Die bullishen Argumente sind etwas pragmatischer und erfordern viel mehr Geduld. Schließlich ist Ethereum noch immer von einer zweijährigen Baisse gebeutelt, genau wie Bitcoin nach seiner ersten großen Rallye. Adams behauptet, der Markt sei „rückwärtsgewandt“, wobei er immer noch davon ausgeht, dass ETH eine Gebrauchsmünze sei.
Ethereum ist ein Reservevermögenswert für DeFi, fügte er hinzu, bevor er darauf hinwies, dass es der einzige Vermögenswert ist, der mit der Nutzung von DeFi knapp wird, und der Markt wird bald aufholen.
Als DeFi-Reserve-Guthaben ist die ETH nicht durch Stablecoins oder tokenisierte Bitcoins auf Ethereum bedroht. Der Erfolg von DeFi ist gut für die ETH. Mehr wirtschaftliche Aktivität erhöht die ETH als Sicherheit und die ETH als Handelspaar. Die DeFi-Markengewinne werden wieder in die ETH zurückfliessen. Abwarten und Tee trinken.
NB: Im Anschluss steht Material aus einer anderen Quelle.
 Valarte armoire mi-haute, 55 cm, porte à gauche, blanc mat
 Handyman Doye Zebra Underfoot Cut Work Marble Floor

Er schloss mit der Feststellung, dass die optimistischen Argumente aus drei Gründen wahrscheinlicher sind. Erstens ist die Zahl der in DeFi eingeschlossenen ETH deutlich gestiegen. Seit Beginn der Verteilung der COMP-Token sind weitere 400’000 ETH in DeFi-Smart-Verträgen gebunden worden, die insgesamt mehr als 3 Millionen umfassen.
Darüber hinaus zitierte Adams einen Auszug eines Fondsmanagers, der sein Portfolio umbalanciert, um weniger Bitcoin und mehr Ethereum aufzunehmen. Anfang des Jahres wurde berichtet, dass mehr als die Hälfte des gesamten in diesem Jahr geförderten Ethereum von Grayscale Investments erworben wurde, was diese institutionelle Verlagerung der Dynamik weiter festigt.
Der dritte Grund war eine Protokollsenken-These, die sich darauf bezieht, dass DeFi-Protokolle mit den höchsten Abwicklungszusicherungen zur Basisschicht für Krypto-Banken und möglicherweise sogar für kommerzielle und nationalstaatliche Banken werden.
Ein weiterer Grund, bei Ethereum optimistisch zu sein, ist der lang erwartete Rollout von ETH 2.0, der die Proof-of-Stake- und Layer-2-Skalierbarkeitslösungen einläuten wird. Die ersten Stufen des Serenity-Upgrades, Phase 0 Beacon Chain, werden bereits mit vollen 32 ETH-Knoten getestet. Wie bereits früher von BeInCrypto berichtet, verbessern sich auch die On-Chain-Metriken für Ethereum um solche Stufen, dass neue Allzeithochs erreicht werden.
In der Krypto-Gemeinschaft gab es Bedenken, dass Compound gerade eine DeFi-Blase ausgelöst haben könnte. Diese kommen jedoch in erster Linie von Bitcoin-Maximalisten und Verleumdern der noch jungen Finanzlandschaft.
Die hervorragende Leistung einer Handvoll DeFi-Marken in der vergangenen Woche reicht nicht aus, um die Szene als Blase zu bezeichnen. DeFi steht erst am Anfang, und sein organisches Wachstum in den letzten Jahren ist ein Beweis für die Langlebigkeit, die für Ethereum auf längere Sicht letztlich eine Hausse ist.